Span requested from the data below: the line with "Men and women" through the line with "Daniel Zeichner, the", both included. Give only these lines again, exactly, and leave every picture out.

Excerpted data:
--- START ---
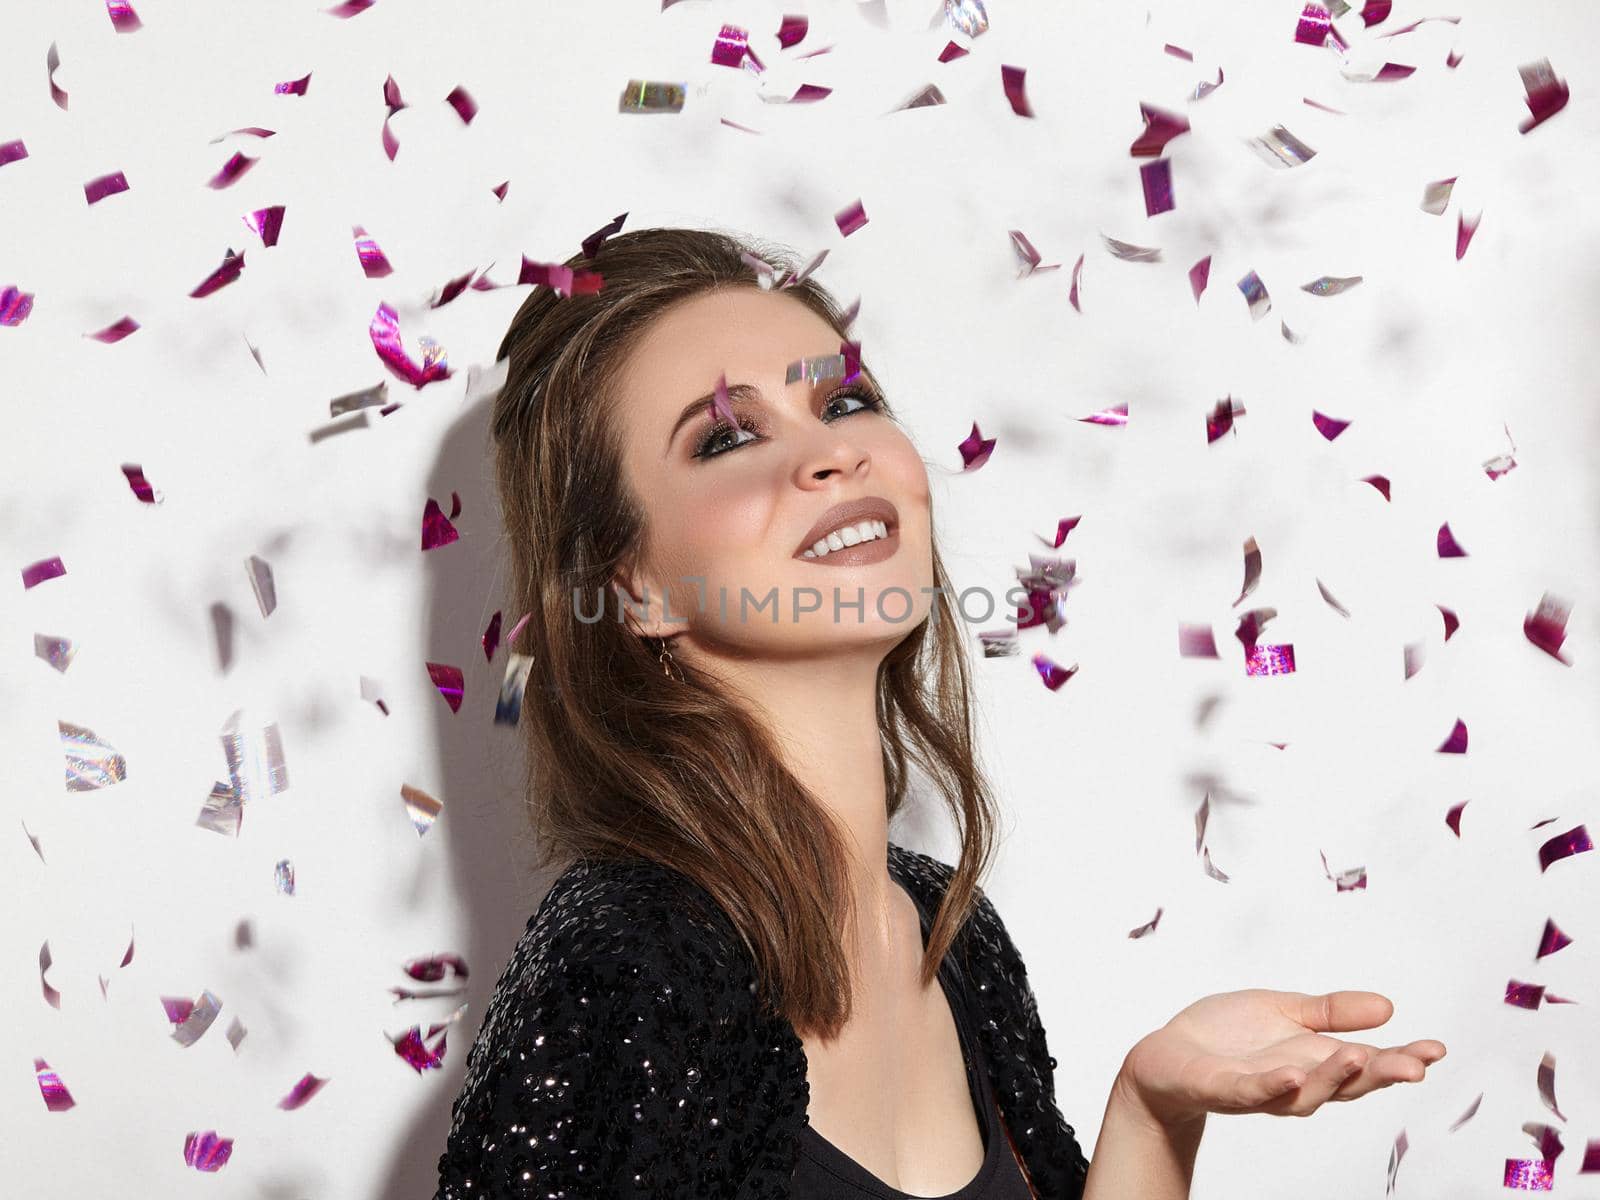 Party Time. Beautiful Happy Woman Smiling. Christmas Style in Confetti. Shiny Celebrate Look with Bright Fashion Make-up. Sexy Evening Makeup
--- END ---
--- START ---
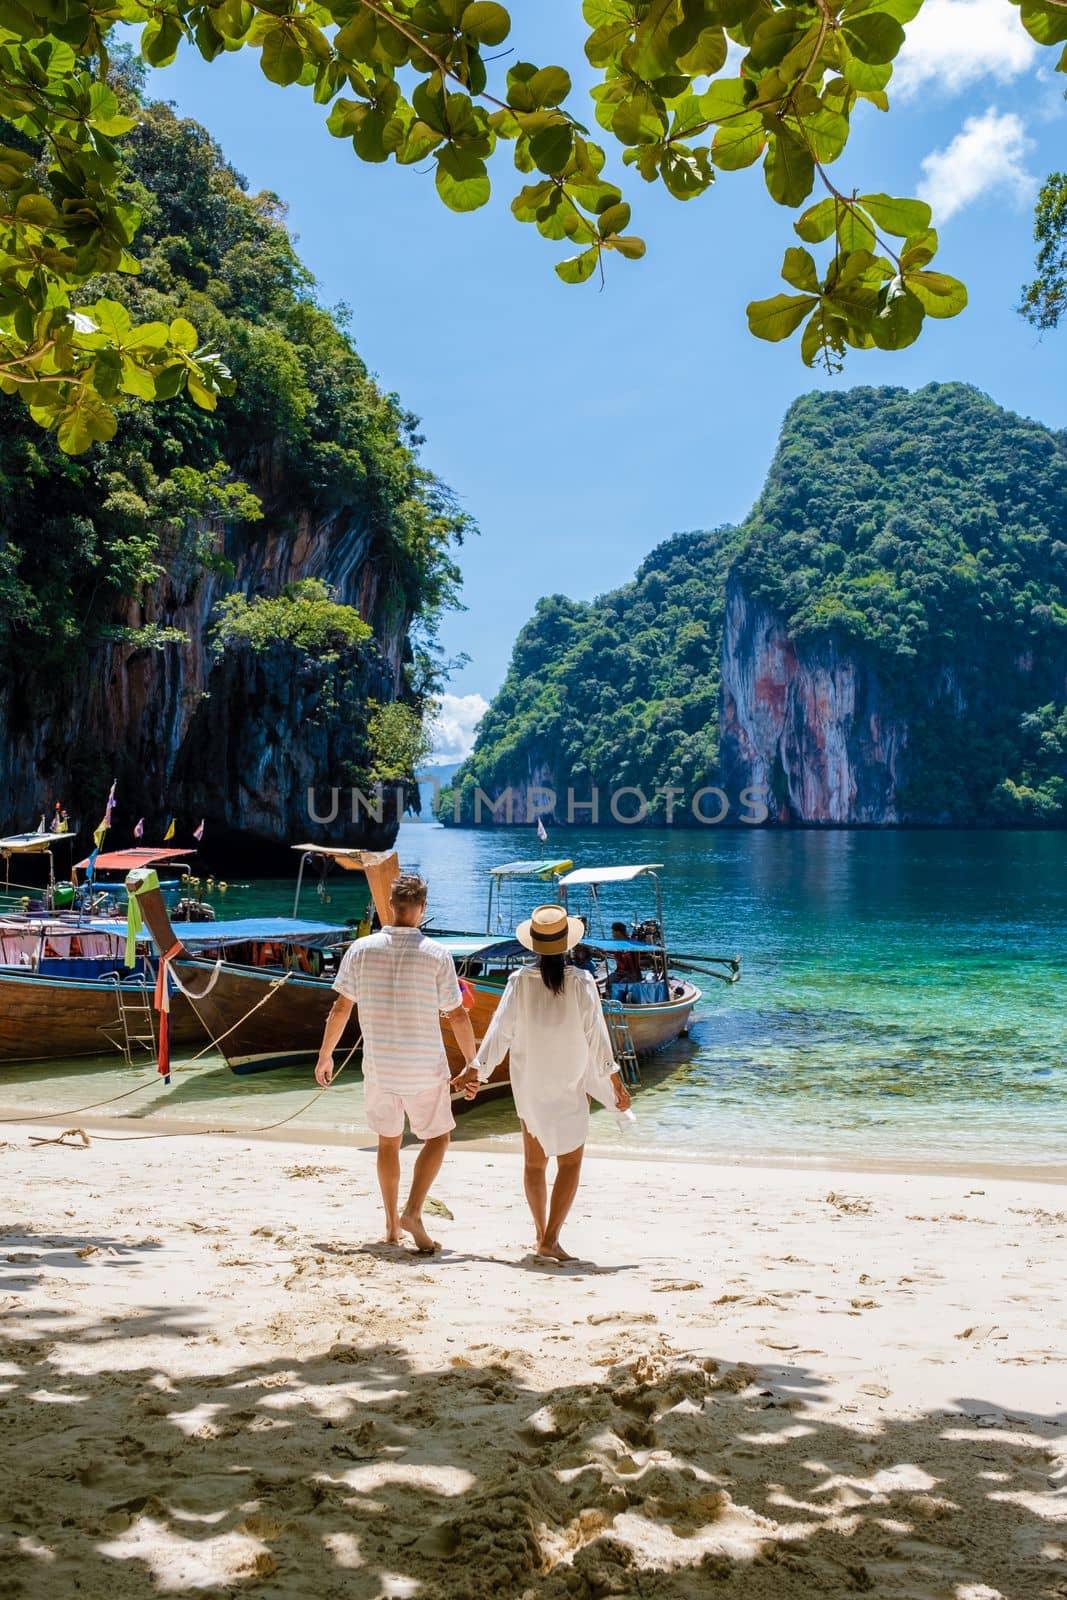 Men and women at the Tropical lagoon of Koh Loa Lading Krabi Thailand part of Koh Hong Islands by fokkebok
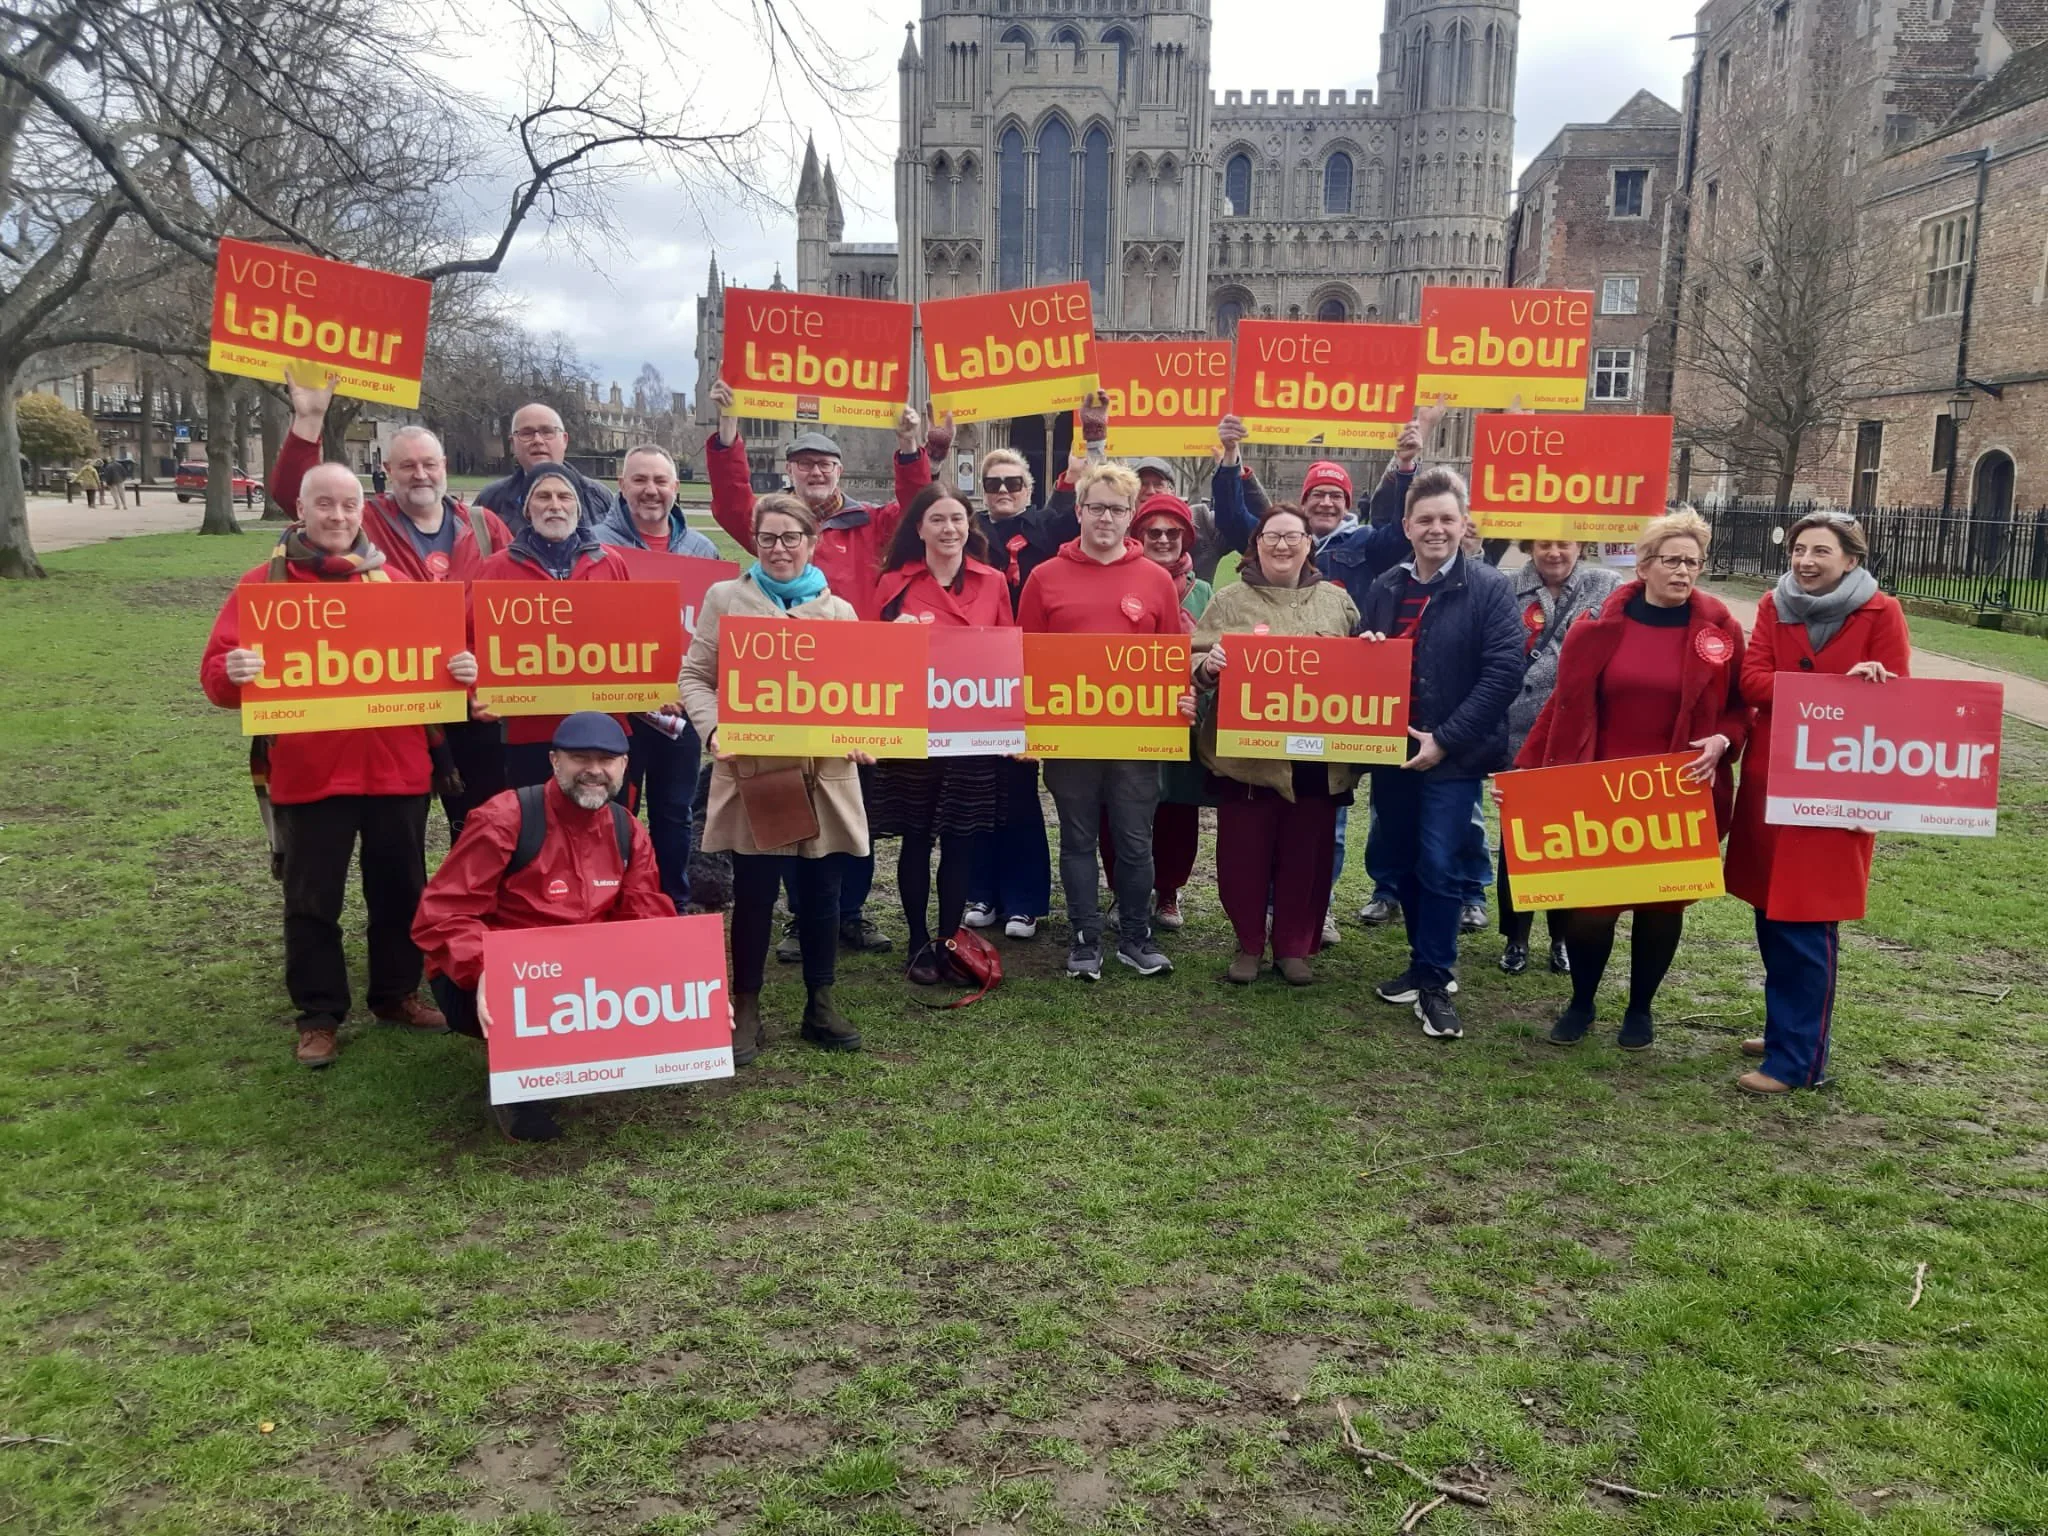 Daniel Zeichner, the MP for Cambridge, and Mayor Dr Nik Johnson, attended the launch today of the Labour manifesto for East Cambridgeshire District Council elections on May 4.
--- END ---
--- START ---
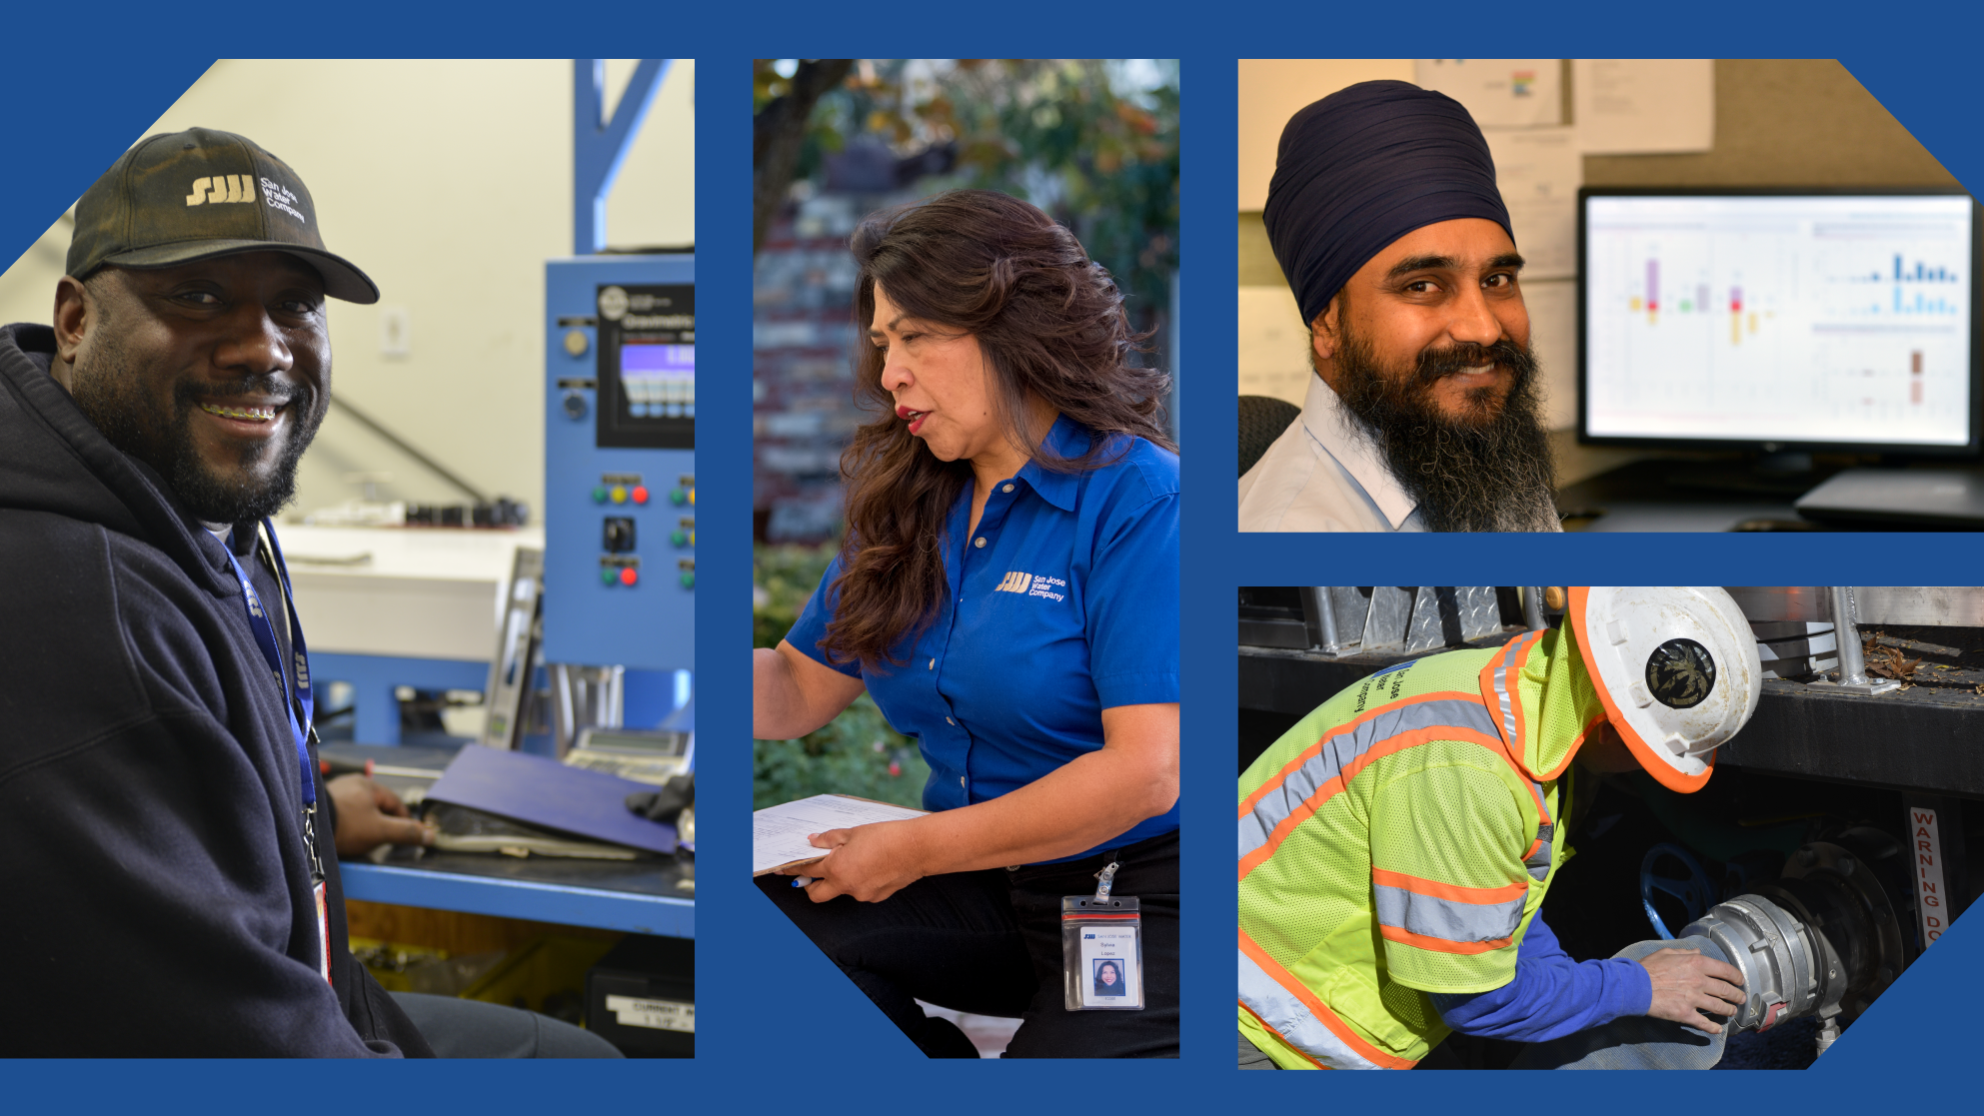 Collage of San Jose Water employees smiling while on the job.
--- END ---
Solution for this task:
 Men and women at the Tropical lagoon of Koh Loa Lading Krabi Thailand part of Koh Hong Islands by fokkebok
 Daniel Zeichner, the MP for Cambridge, and Mayor Dr Nik Johnson, attended the launch today of the Labour manifesto for East Cambridgeshire District Council elections on May 4.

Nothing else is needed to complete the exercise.